Naar het voorlopig oordeel van de voorzieningenrechter heeft de raad voldoende gemotiveerd dat het woon- en leefklimaat van [verzoekers sub 1] en [verzoeker sub 2] niet onevenredig wordt aangetast door het plan. Dat zij er bewust voor hebben gekozen om te gaan wonen aan een straat die afgesloten is voor doorgaand verkeer maakt dat niet anders. De raad heeft een zwaarder gewicht mogen toekennen aan het toevoegen van 24 woningen aan de woningvoorraad met bijbehorende ontsluitingsweg dan aan het handhaven van de bestaande situatie. Dat de ontwikkeling die het bestemmingsplan mogelijk maakt ook kan worden gerealiseerd als de Korte Bedde alleen open wordt gesteld voor fietsverkeer, maakt niet dat het kunnen openstellen van de Korte Bedde voor al het verkeer niet in overeenstemming is met een goede ruimtelijke ordening.

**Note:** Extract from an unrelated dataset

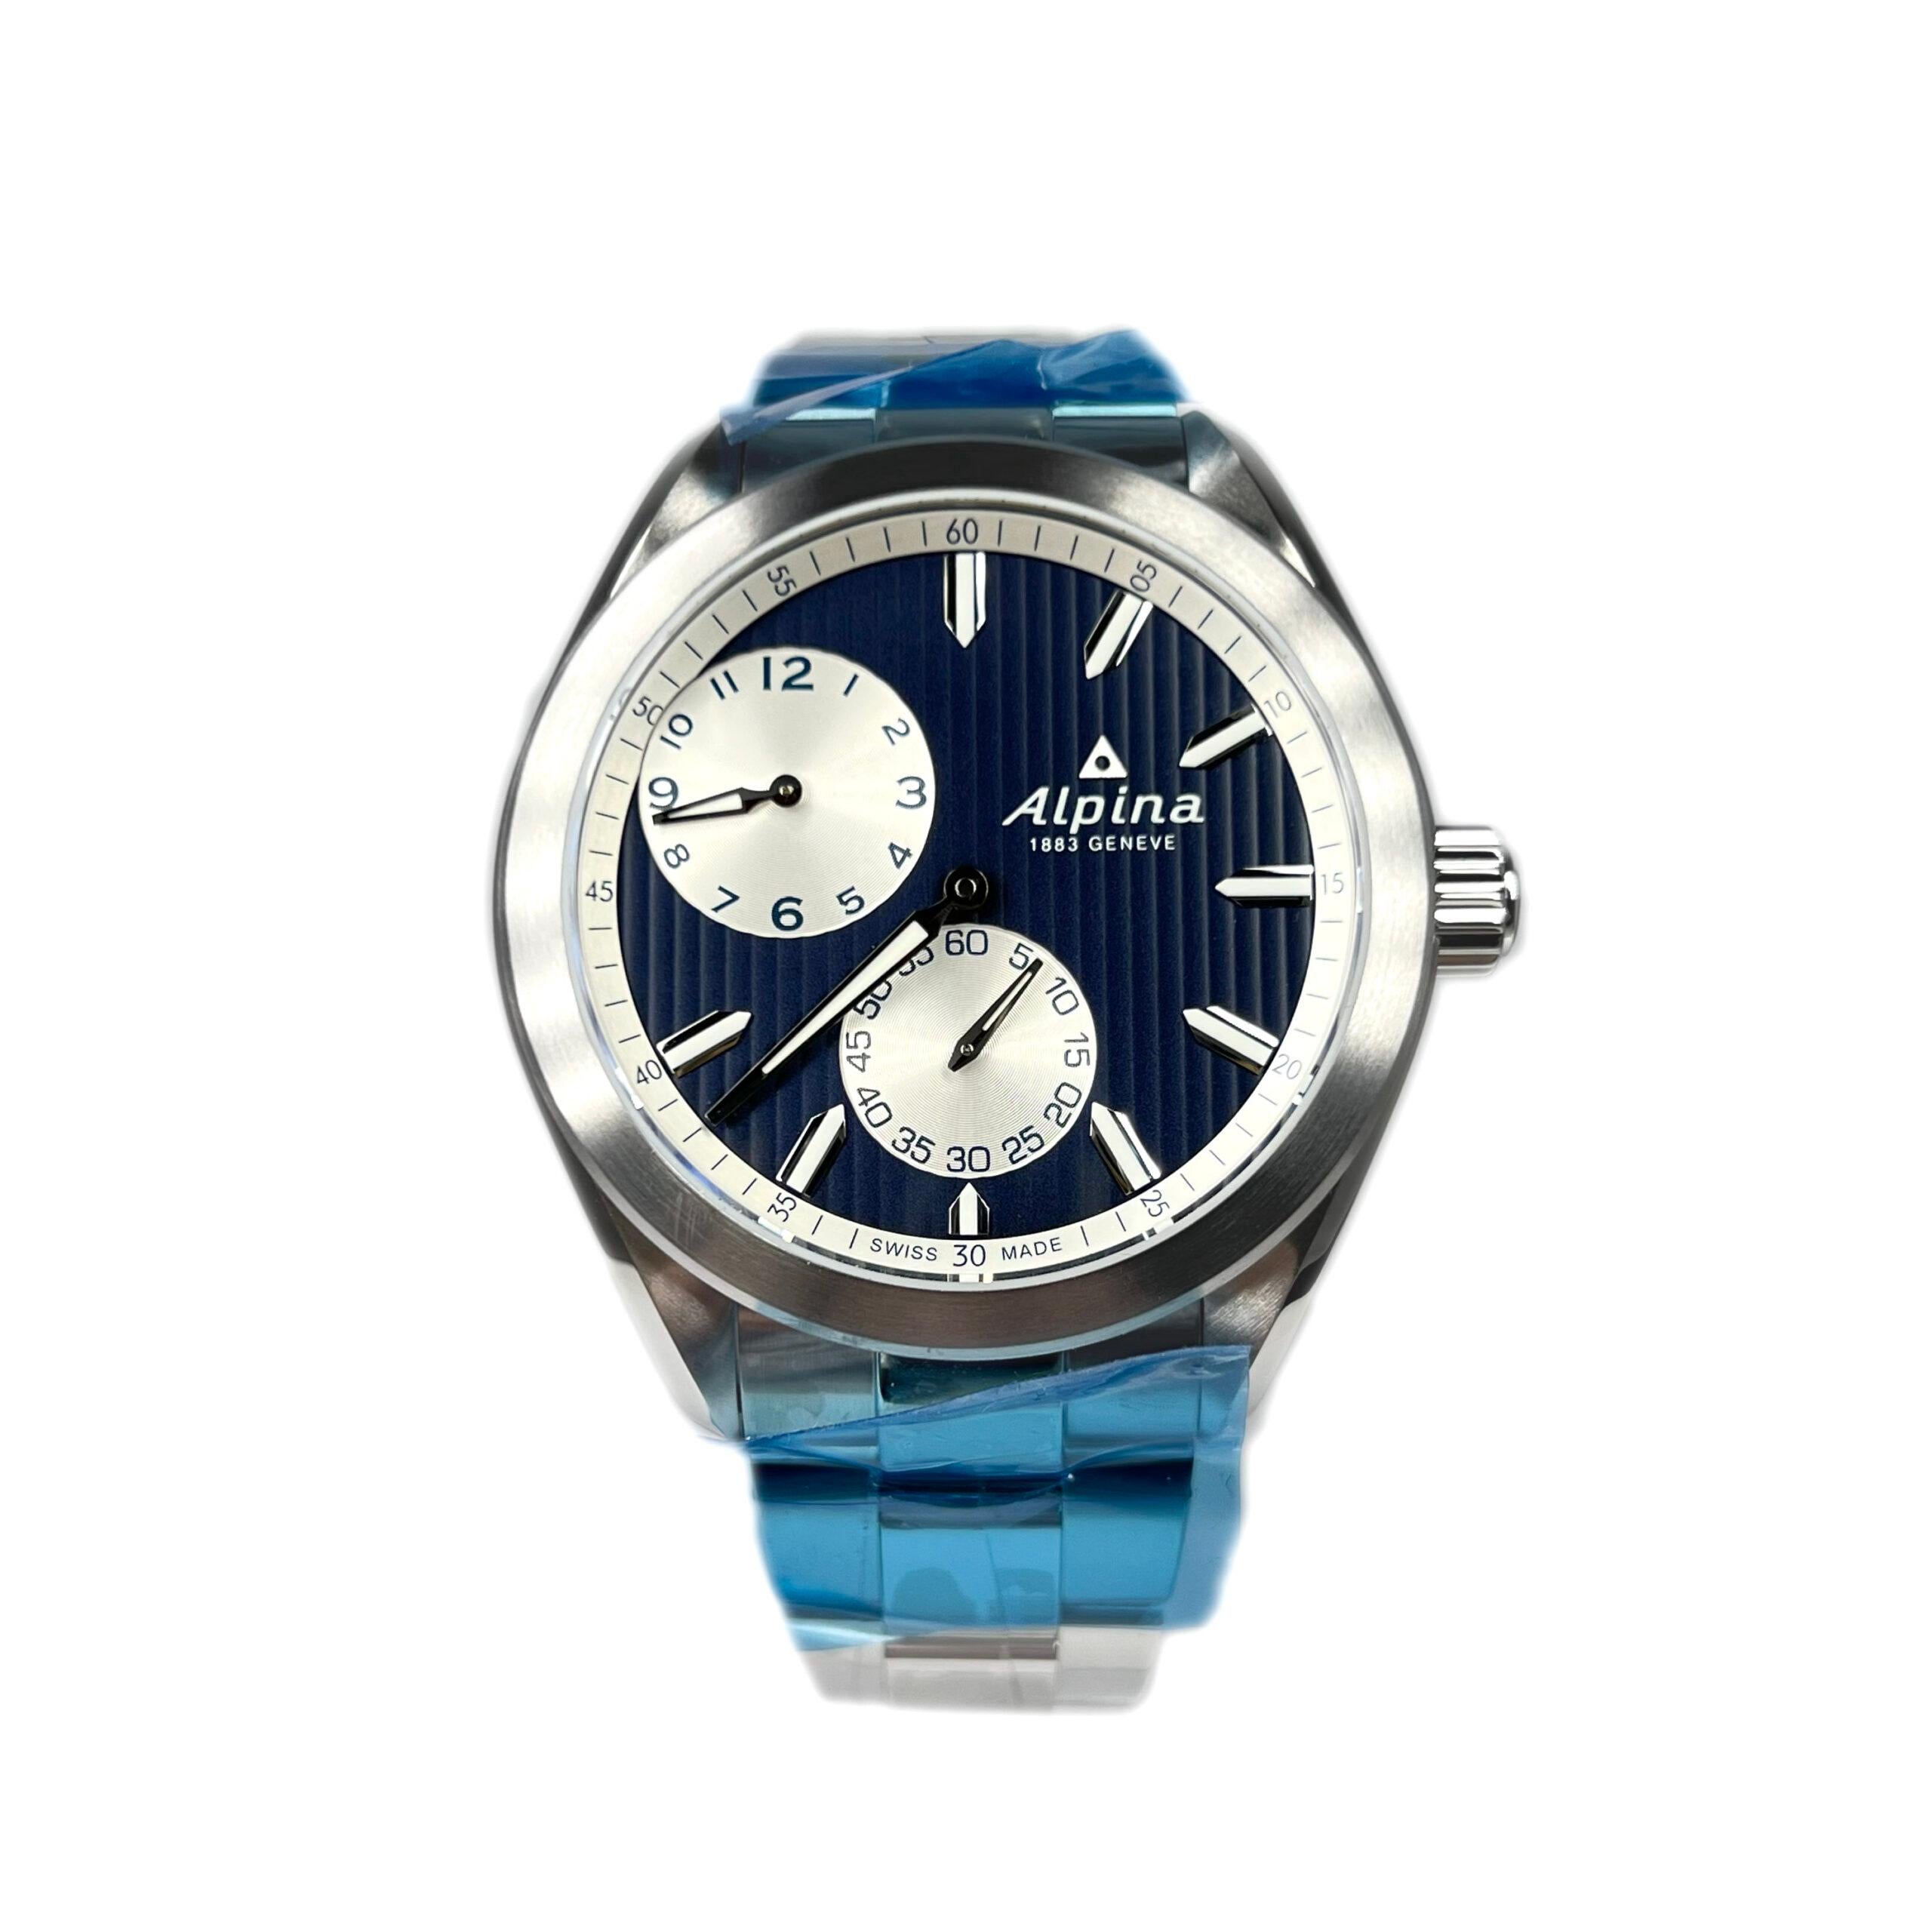 This Men’s Watch has a 45 mm silver-tone stainless steel case with a stainless steel strap. Fixed silver-tone stainless steel bezel. Dark blue dial with silver-tone hands and index hour markers. Arabic numeral minute markers (at 5 minute intervals).

Over het betoog dat het plan in strijd is met voorgaande bestemmingsplannen merkt de voorzieningenrechter op dat de raad juist heeft beoogd om de bestaande situatie te veranderen met een nieuw bestemmingsplan. In zoverre is eventuele strijd met eerdere bestemmingsplannen geen reden om het plan onrechtmatig te achten. In dit verband is relevant dat aan een geldend bestemmingsplan geen blijvende rechten kunnen worden ontleend.
Gewijzigde vaststelling
7. [verzoekers sub 1] betogen dat zij ten onrechte niet de kans hebben gehad om bezwaar in te stellen tegen de verhoging van het aantal woningen van 20 naar 24, die naar aanleiding van de zienswijze van de provincie bij de vaststelling van het plan is doorgevoerd.
8. De raad kan bij de vaststelling van het plan daarin wijzigingen aanbrengen ten opzichte van het ontwerp. Alleen als de afwijkingen van het ontwerp naar aard en omvang zo groot zijn dat een wezenlijk ander plan is vastgesteld, moet de wettelijke procedure opnieuw worden doorlopen.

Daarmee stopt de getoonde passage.